• [PROBLEM DESCRIPTION]:
Starting from the line in which "La ballena fue" appears, set down each line exactly through the end of the listing, and nothing else. Leave out pictures.

• [DATA EXTRACT]:
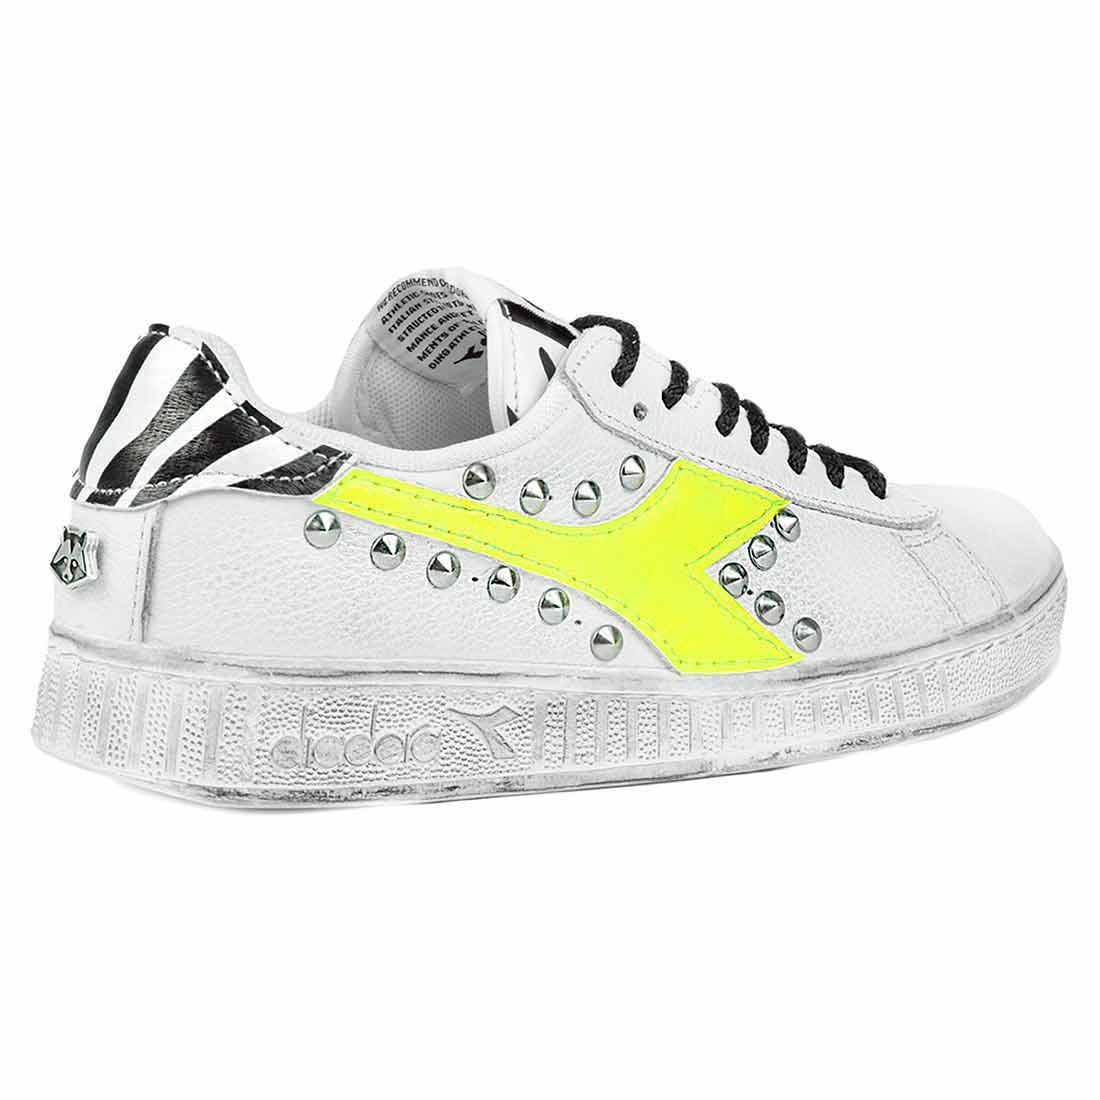 Sneakers Diadora zebrate gialle fluo personalizzate con borchie
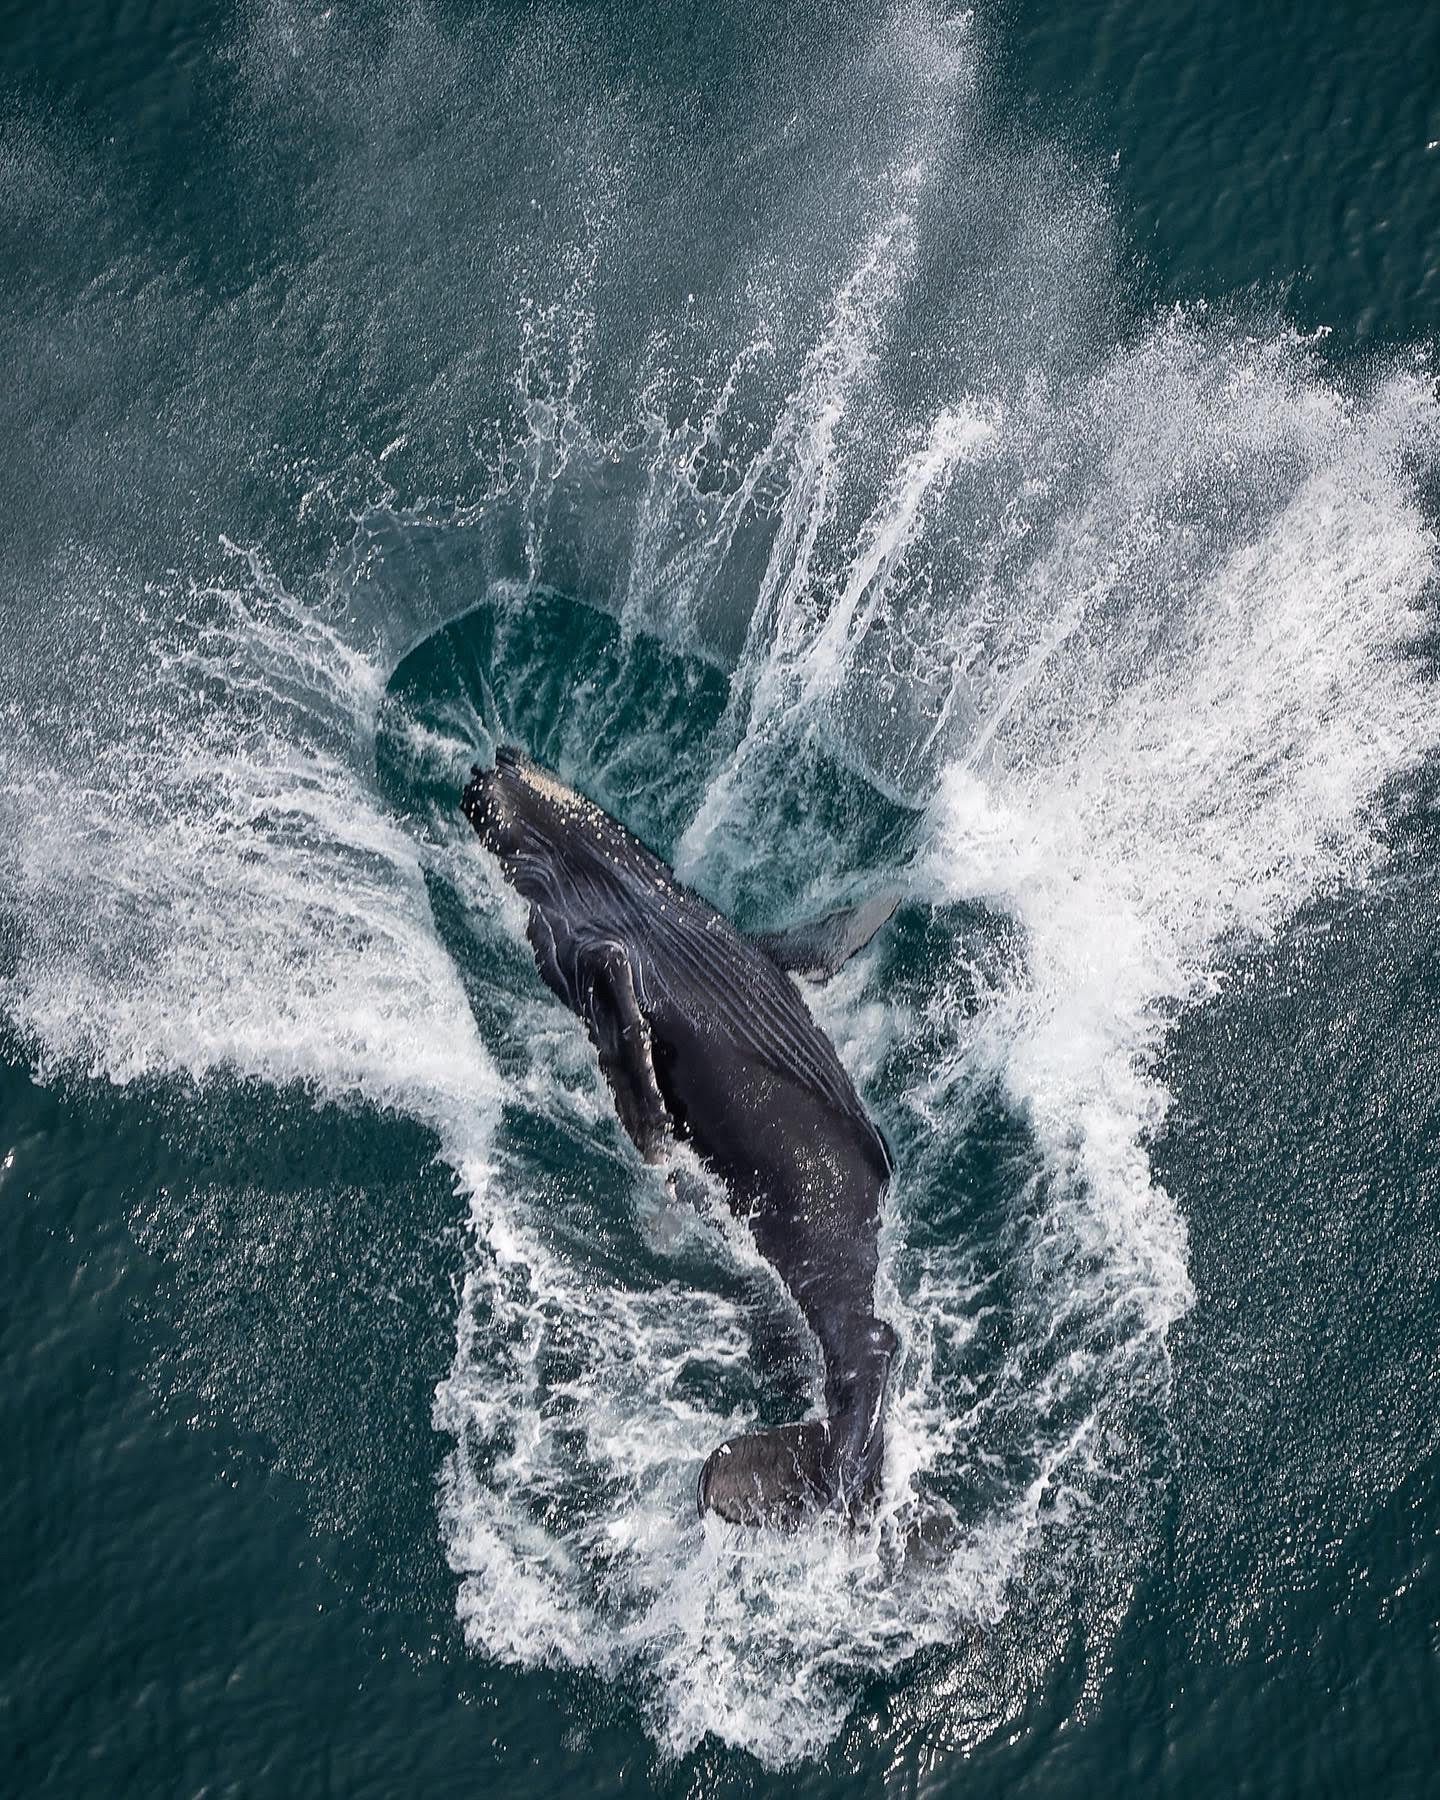 La ballena fue vista cerca de playa Coyote en la península de Nicoya. Foto: Felipe Chávez.
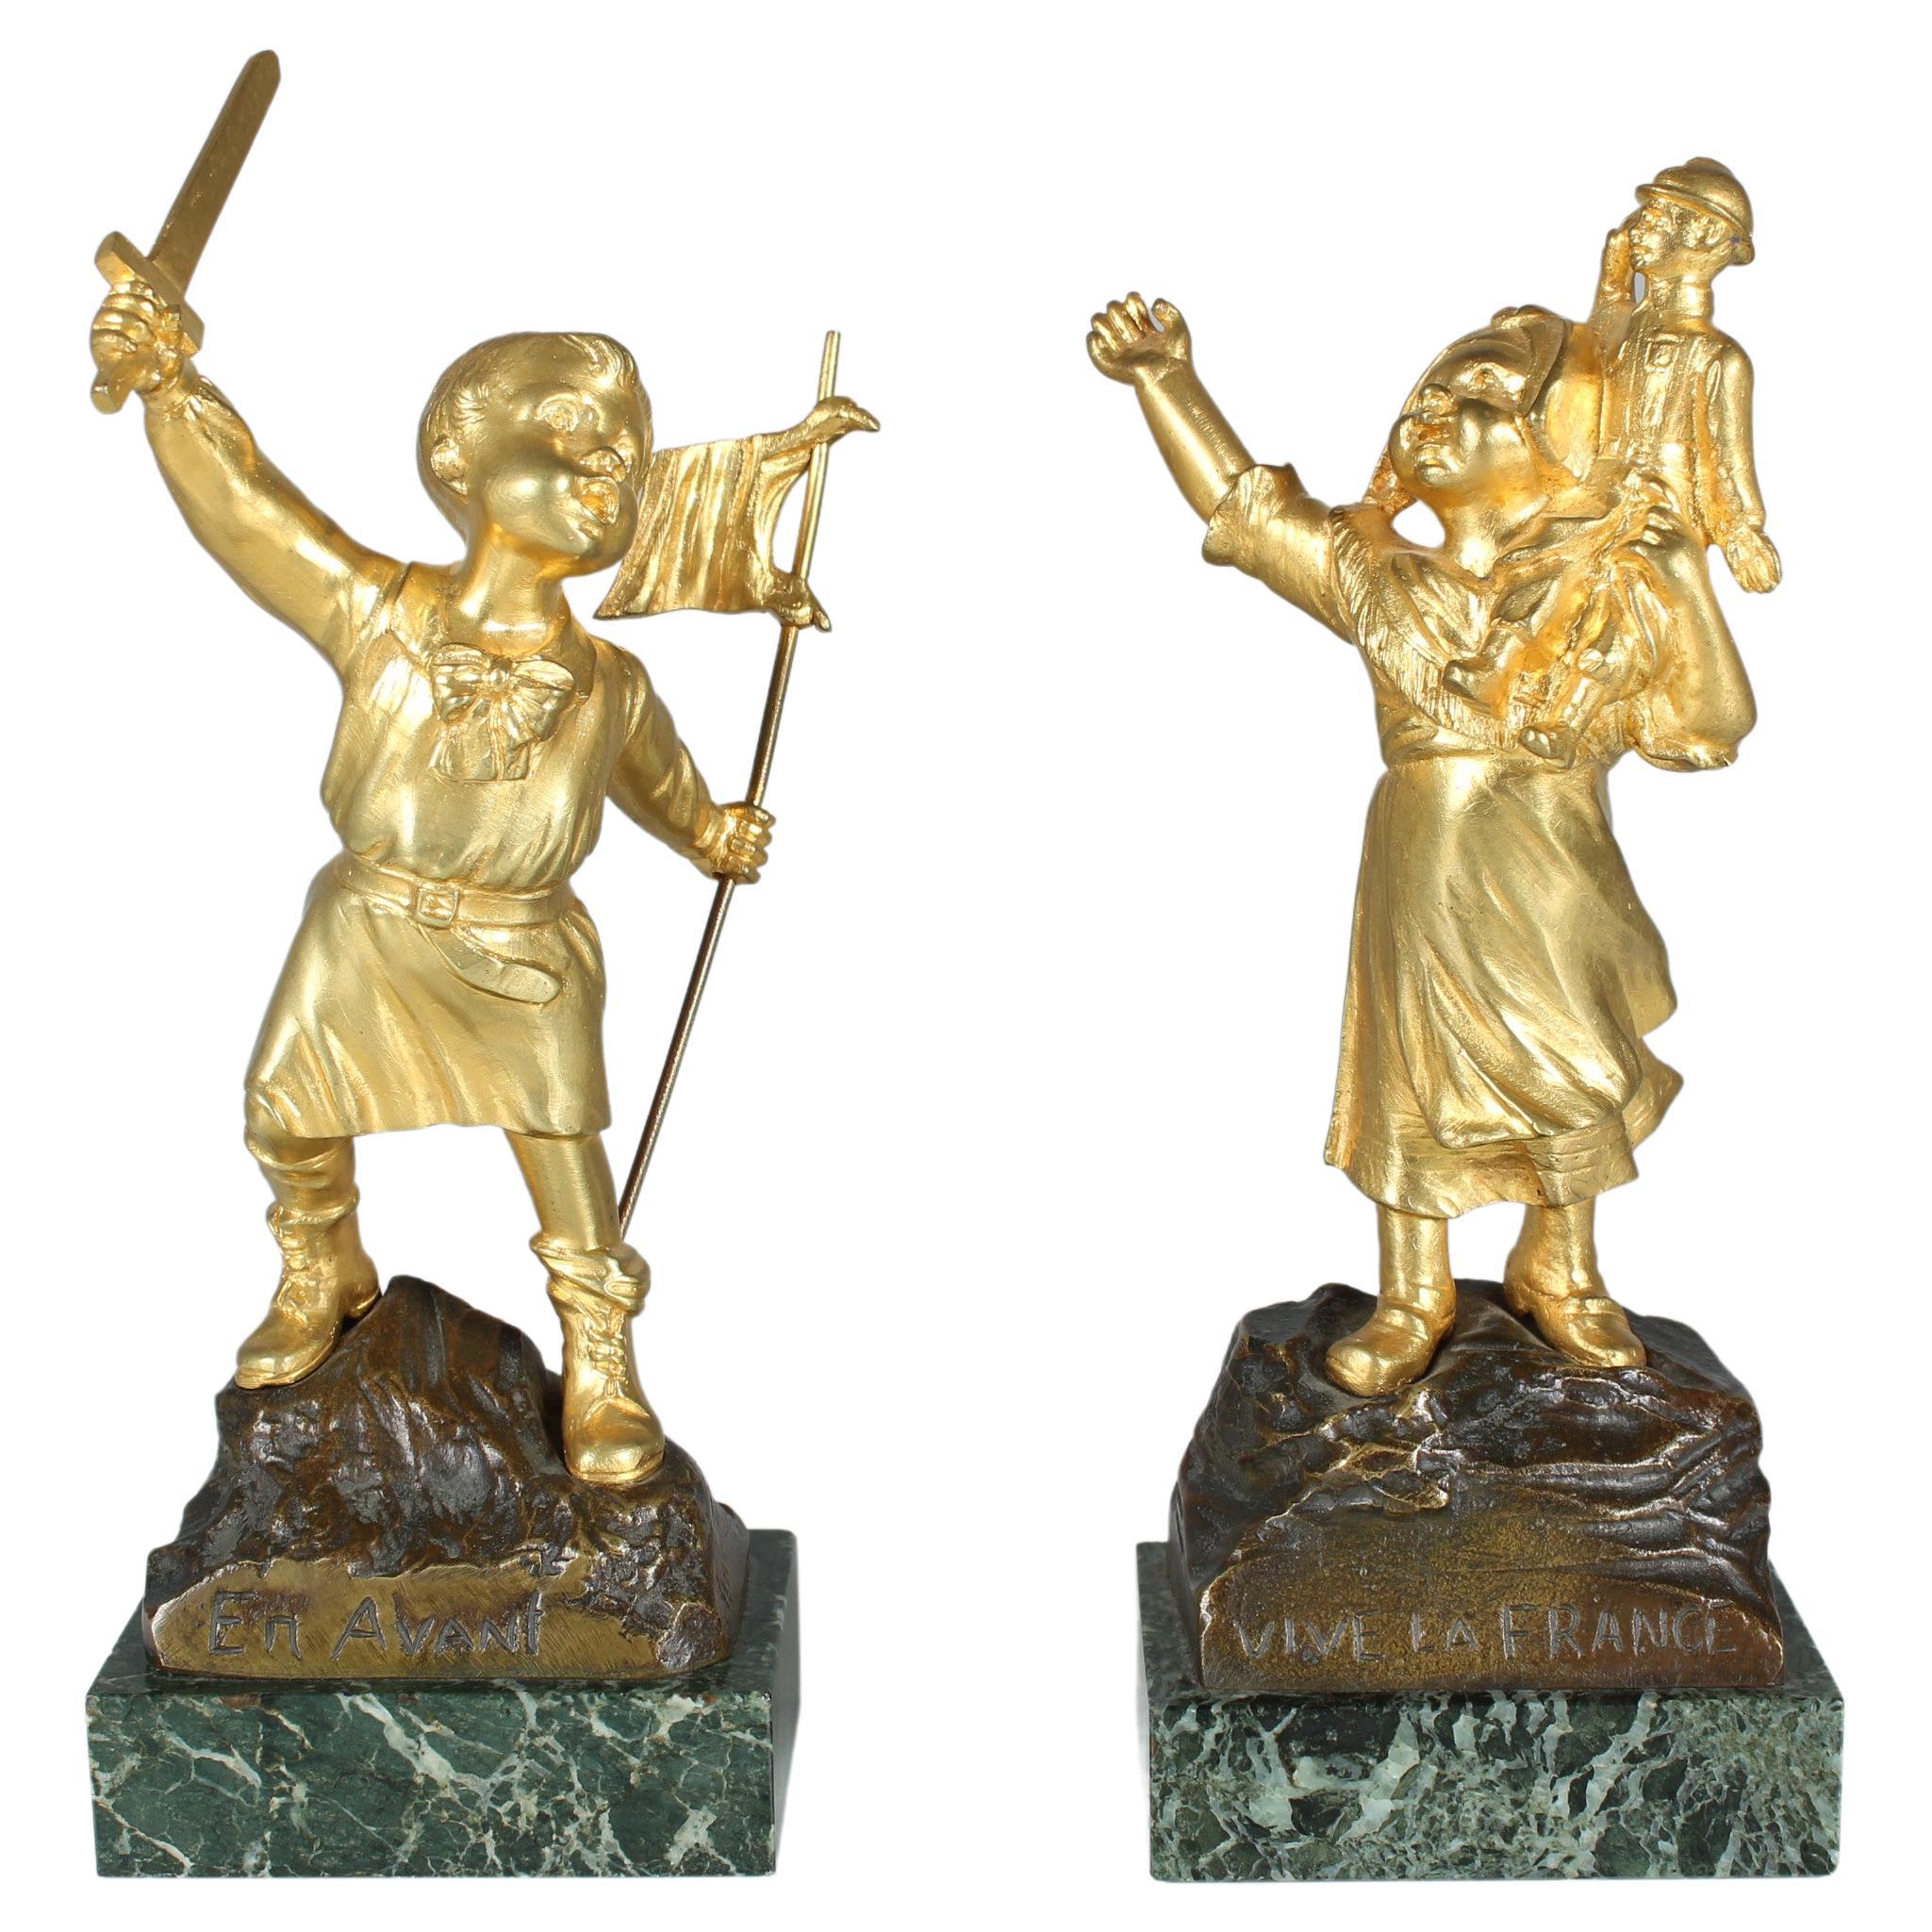 Seltenes antikes Skulpturenpaar, Bronze Dorée, Vive La France, signiert G. Flamend

• [WRITTEN ANSWER]:
 La ballena fue vista cerca de playa Coyote en la península de Nicoya. Foto: Felipe Chávez.
 Seltenes antikes Skulpturenpaar, Bronze Dorée, Vive La France, signiert G. Flamend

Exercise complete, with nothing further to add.